Getting rid of the teak decks is a bigger job than it looks like. I just ripped up the teak on the seat area of the cockpit. It was a very small area, no more than 7’ x 8’ outside dimensions with a seat maybe 16” wide. I could do it all sitting down, not kneeling. It took two days to get all the old teak off with a circular saw and a big chisel. Another day to get out all the screws. Another day to drill out all the screw holes and fill with epoxy. Another two days to sand, smooth and finish with gel coat.

That’s just the cockpit seat, a small area of maybe 30 square feet with excellent access and easy working conditions.
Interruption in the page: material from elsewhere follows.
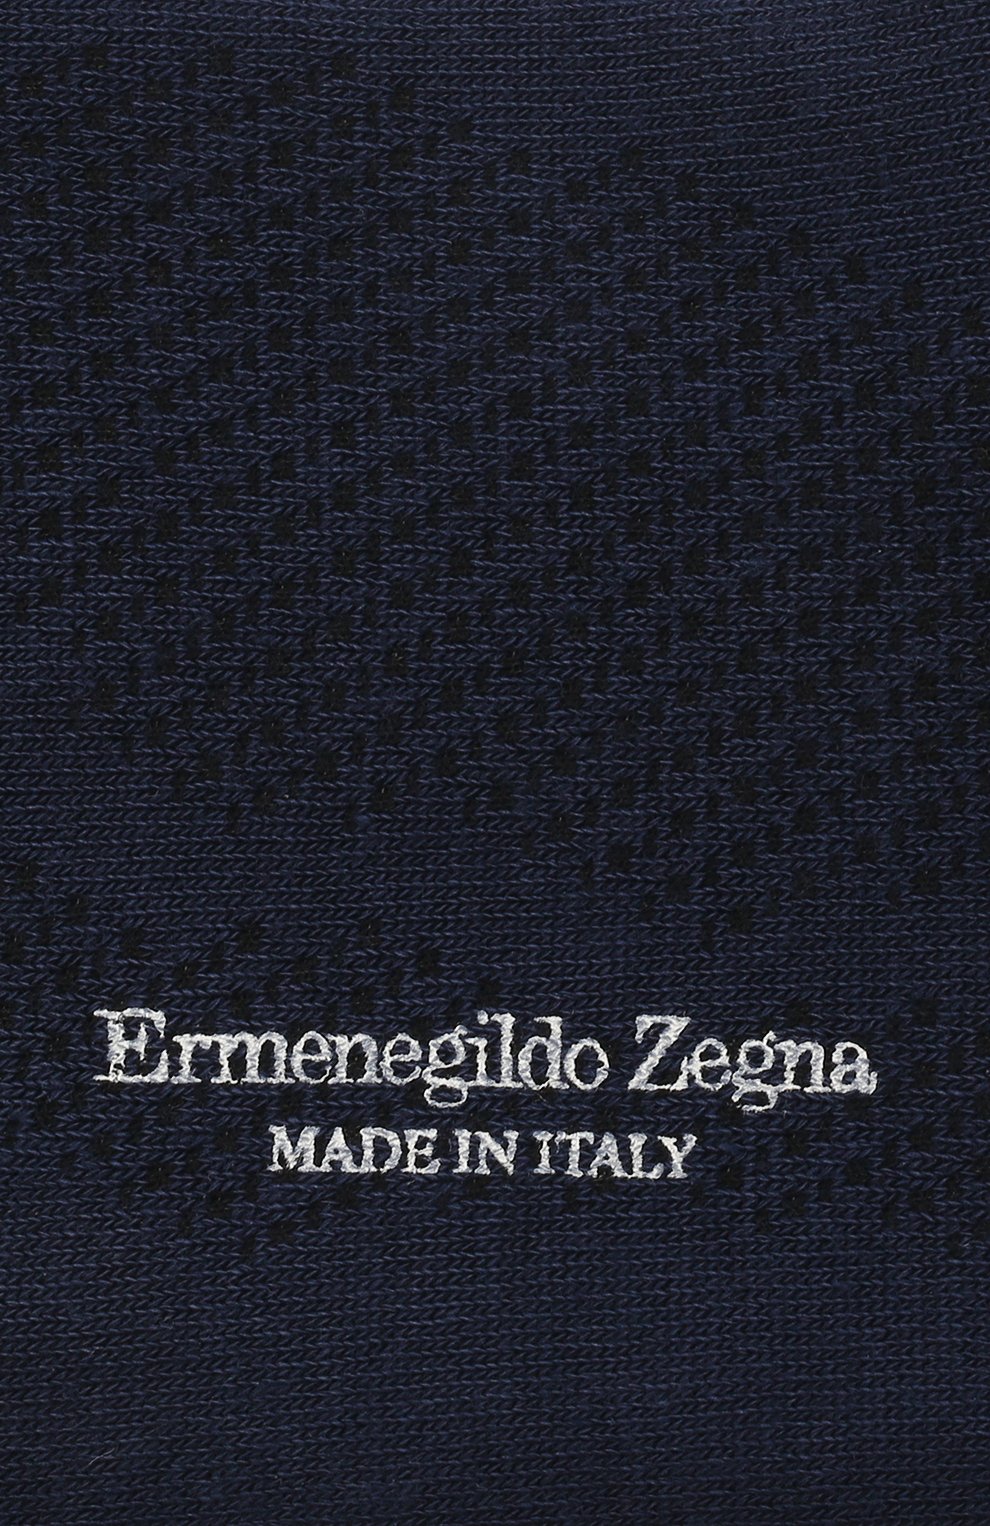 Мужские носки ERMENEGILDO ZEGNA темно-синего цвета, арт. N5V025010 | Фото 2 (Кросс-КТ: бельё; Материал внешний: Синтетический материал)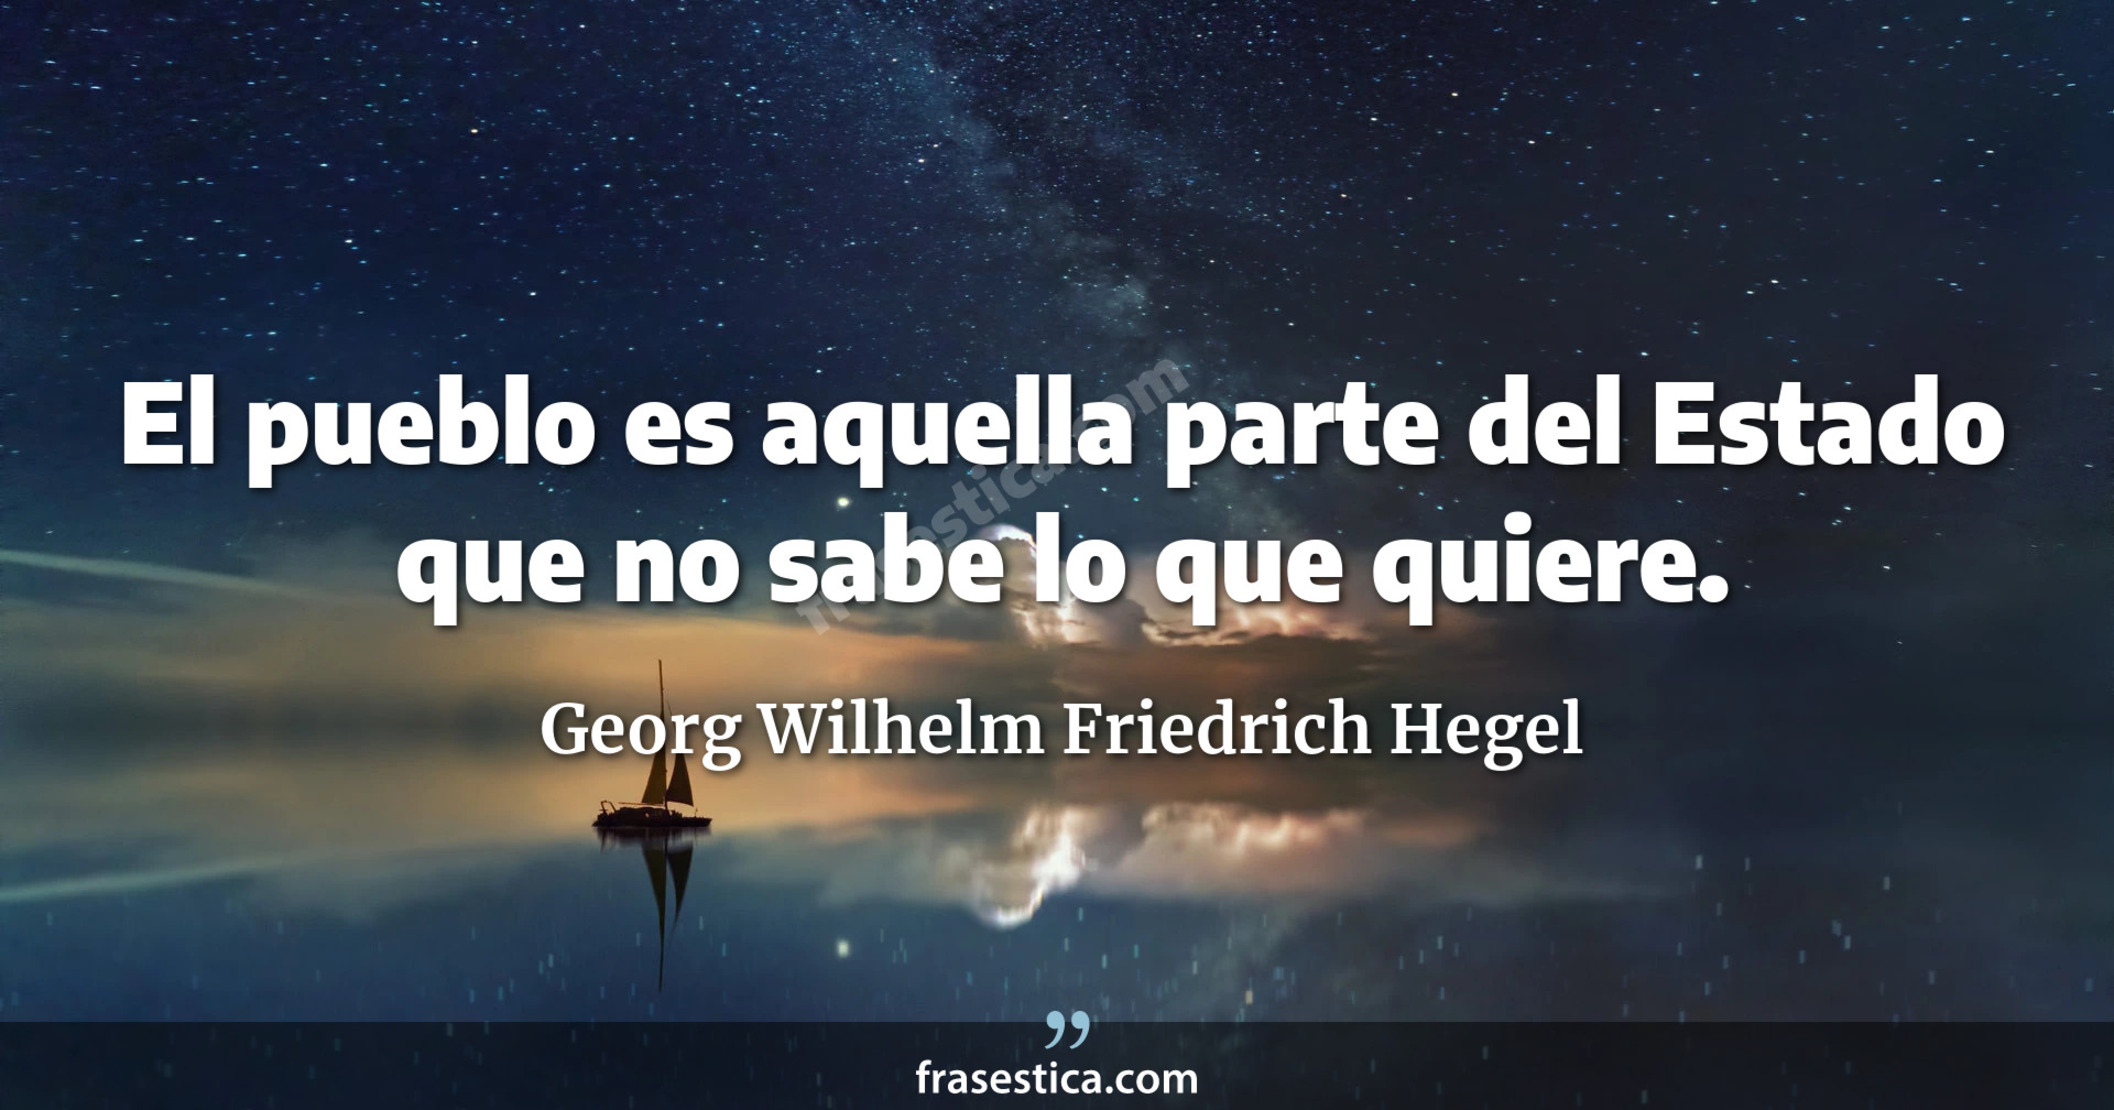 El pueblo es aquella parte del Estado que no sabe lo que quiere. - Georg Wilhelm Friedrich Hegel

To do the same thing on the actual deck would first involve taking off all the overhead panels in the cabin, which is a big, inconvenient job. Then you remove everything that’s set down on the deck: cleats, winches, tracks, windlass, etc. Each of those can be a challenge because in my case then we’re all attached to the deck before any of the interior was installed. So often the nuts and any backing plates are now blocked with bulkhead, electrical wiring, etc. I could imagine at least a weeks work just getting all the liners down. You’d have to label them and get them all off the boat to have any space to work.

Once everything is off the deck, you’ll have to get all of the teak removed while you’re on you knees. Then drilling, filling and sanding all the holes in the entire deck. I did this once on a 41’ boat and stopped counting at 4000 holes. This assumes you had nothing else like a leak somewhere to fix.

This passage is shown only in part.